Cour administrative d'appel de Bordeaux — Décision N° CAA33-23BX02501

jeudi 18 avril 2024

JuridictionCour administrative d'appel de Bordeaux
SectionCour administrative d'appel de Bordeaux
N° DossierCAA33-23BX02501
TypeDécision
Recoursexcès de pouvoir
PublicationC
Formation2ème chambre (formation à 3)
Avocat requérantBOUILLAULT

Texte intégral

Vu la procédure suivante :

Procédure contentieuse antérieure :

Mme B D a demandé au tribunal administratif de Poitiers d'annuler l'arrêté du 30 septembre 2022 par lequel la préfète des Deux-Sèvres a refusé de lui délivrer un titre de séjour, lui a fait obligation de quitter le territoire français dans un délai de trente jours et a fixé le pays de renvoi.

Par un jugement n° 2203176 du 11 mai 2023, le tribunal administratif de Poitiers a rejeté sa demande.
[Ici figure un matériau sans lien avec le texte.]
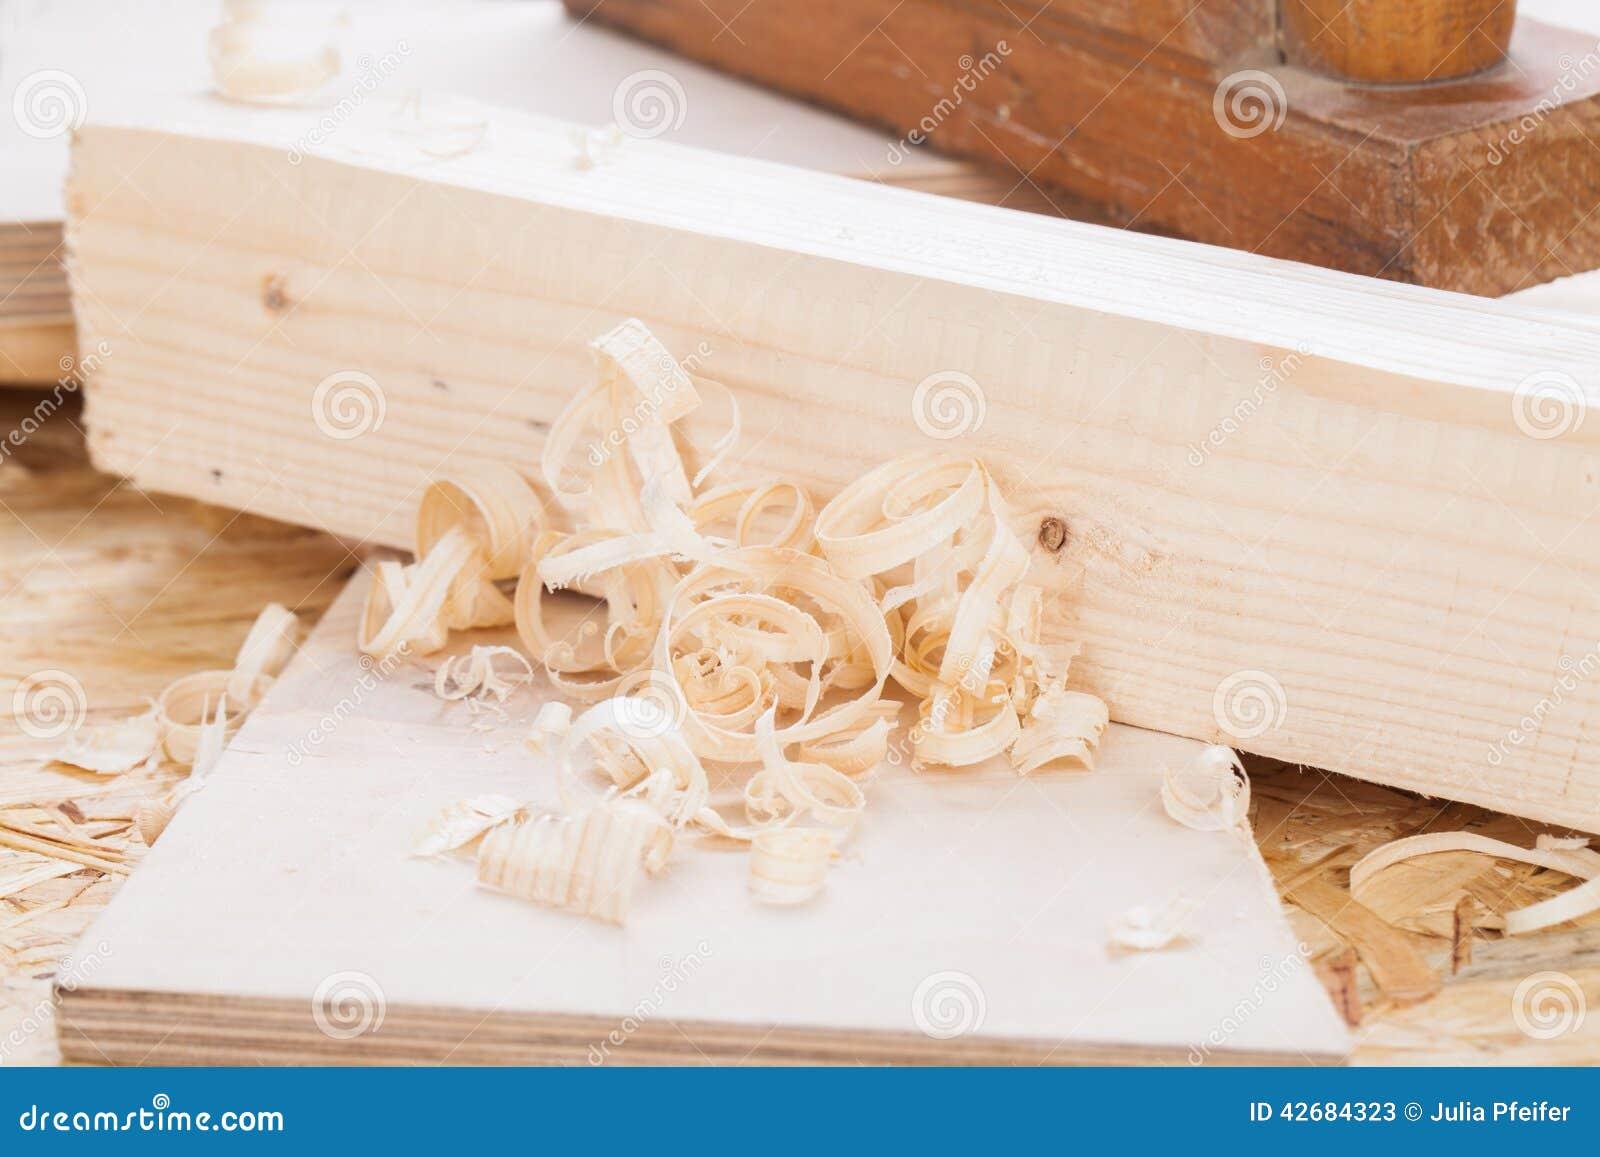 Diy Plank Hobby Craft

Procédure devant la cour :

Par une requête, enregistrée le 25 septembre 2023, Mme A, représentée par Me Bouillault, demande à la cour :

1°) d'annuler le jugement du tribunal administratif de Poitiers du 11 mai 2023 ;

2°) d'annuler l'arrêté préfectoral du 30 septembre 2022 ;

3°) d'enjoindre à la préfète des Deux-Sèvres de lui délivrer une carte de séjour temporaire ou, à défaut, de procéder au réexamen de sa situation, dans le délai d'un mois à compter de la notification de l'arrêt, sous astreinte de 100 euros par jour de retard, et dans le second cas, de lui délivrer une autorisation provisoire de séjour avec autorisation de travail, dans le délai de quinze jours à compter de la notification de l'arrêt, sous astreinte de 100 euros par jour de retard ;

4°) de mettre à la charge de l'Etat la somme de 1 500 euros à verser à son conseil sur le fondement des dispositions combinées des articles L. 761-1 du code de justice administrative et 37 de la loi du 10 juillet 1991.

Elle soutient que :

- l'arrêté est insuffisamment motivé et entaché d'un défaut d'examen de sa situation, puisqu'il comporte de nombreuses erreurs, notamment sur sa date d'entrée en France et sa durée de présence, sur l'absence de stabilité de ses liens avec M. C, sur son absence d'insertion dans la société française et de maîtrise de la langue française ;

- l'arrêté méconnaît les dispositions des articles L. 423-23 et L. 435-1 du code de l'entrée et du séjour des étrangers et du droit d'asile et les stipulations de l'article 8 de la convention européenne de sauvegarde des droits de l'homme et des libertés fondamentales ; elle est en couple depuis trois ans avec M. C, ressortissant français, qu'elle a rencontré à Saint-Martin et avec lequel elle est pacsée depuis le 1er février 2022 ; la vie commune existait depuis 13 mois à la date de l'arrêté ; si son nom a été rajouté sur les quittances de loyer, c'est leur propriétaire qui en est à l'initiative ; elle ne constitue pas une charge pour la société française, leur couple ayant des revenus suffisants, et est parfaitement intégrée, comme le démontrent ses activités professionnelles et la promesse d'embauche pour travailler dans la boulangerie de son conjoint ;

- l'illégalité de la décision de refus de séjour doit entraîner l'annulation de la décision portant obligation de quitter le territoire français ;

- la mesure d'éloignement méconnaît les stipulations de l'article 8 de la convention européenne de sauvegarde des droits de l'homme et des libertés fondamentales pour les motifs précédemment évoqués ;

- l'illégalité de la décision portant obligation de quitter le territoire français doit conduire à l'annulation de la décision fixant le pays de renvoi ;

- la décision fixant le pays de renvoi est insuffisamment motivée et méconnaît les stipulations de l'article 3 de la convention européenne.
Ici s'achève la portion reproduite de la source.